Why has the new inflation rate figure dropped?
The main reasons for the drop to 2.5% in the year to December are hotel prices and tobacco costs. For hotels, the annual inflation rate fell to 3.4% in December from 4% in November. A year ago, hotel prices increased and this latest annual rate is the lowest since July 2021.
Tobacco costs also abated, increasing at a slower rate than a year ago. The easing of restaurant prices and smaller increases in airfares have also contributed to lowering the inflation rate. In contrast, the costs of fuel and second-hand cars increased, which offset the rate.
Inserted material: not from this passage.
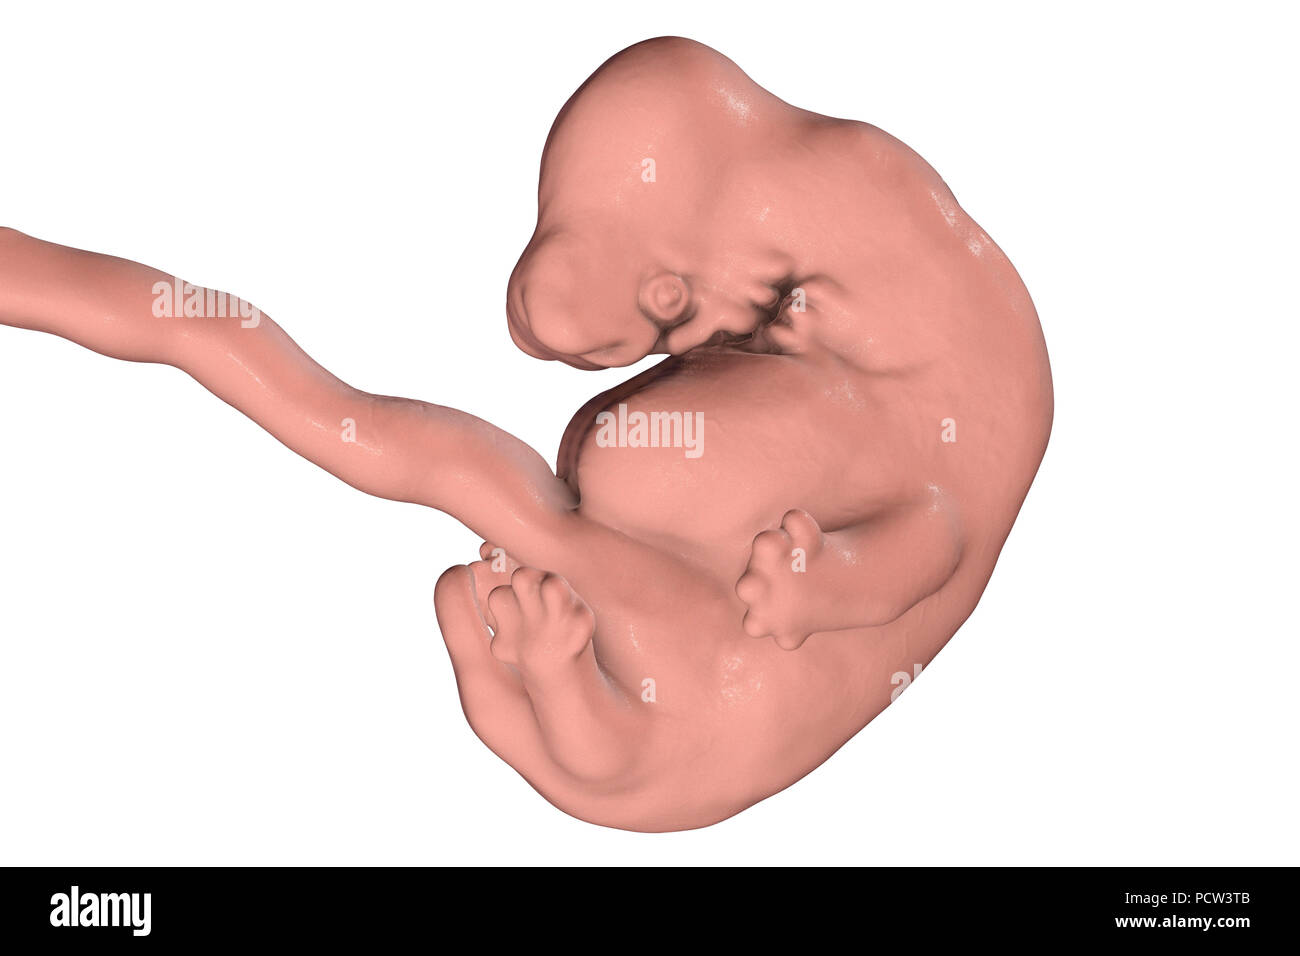 Human embryo at 6 weeks, computer illustration. Stock Photo

Core inflation, which excludes food, energy, alcohol and tobacco, fell to 3.2% in December from 3.5% in November. This was better than expected as experts had anticipated the rate to remain higher at 3.5%. Services inflation also dropped, falling to 4.4% from 5%, which was also better than the anticipated 4.9%.
Will interest rates be cut following this latest inflation rate figure?
The Bank of England’s base rate was held at 4.75% in December after inflation rose from 2.3% to 2.6% in the year to November. The next review of the base rate by the Monetary Policy Committee (MPC) is in February. Although inflation is still above the BoE’s 2% target, the latest inflation figure shows that it is slowing again. As it was lower than expected, this is a positive sign that the MPC may vote to cut the base rate by an anticipated 0.25%.
The latest house price inflation figures
House prices have also increased in the UK, with the latest inflation figure showing an increase of 3.3% in November. This is an increase from October’s house price inflation figure of 3%. In England and Wales, house prices have increased by an average of 3% while they have increased by a higher average of 4.7% in Scotland.
Demand is currently high and one reason may be that buyers are trying to get ahead of the upcoming stamp duty changes. On 1st April, the rate thresholds will change and house buyers will be faced with considerably higher tax bills. For example, no stamp duty is currently payable when buying a residential property up to a value of £250,000. From 1st April, however, this nil-rate threshold will be reduced to £125,000 and a rate of 2% will be applied for the portion between £125,001 and £250,000.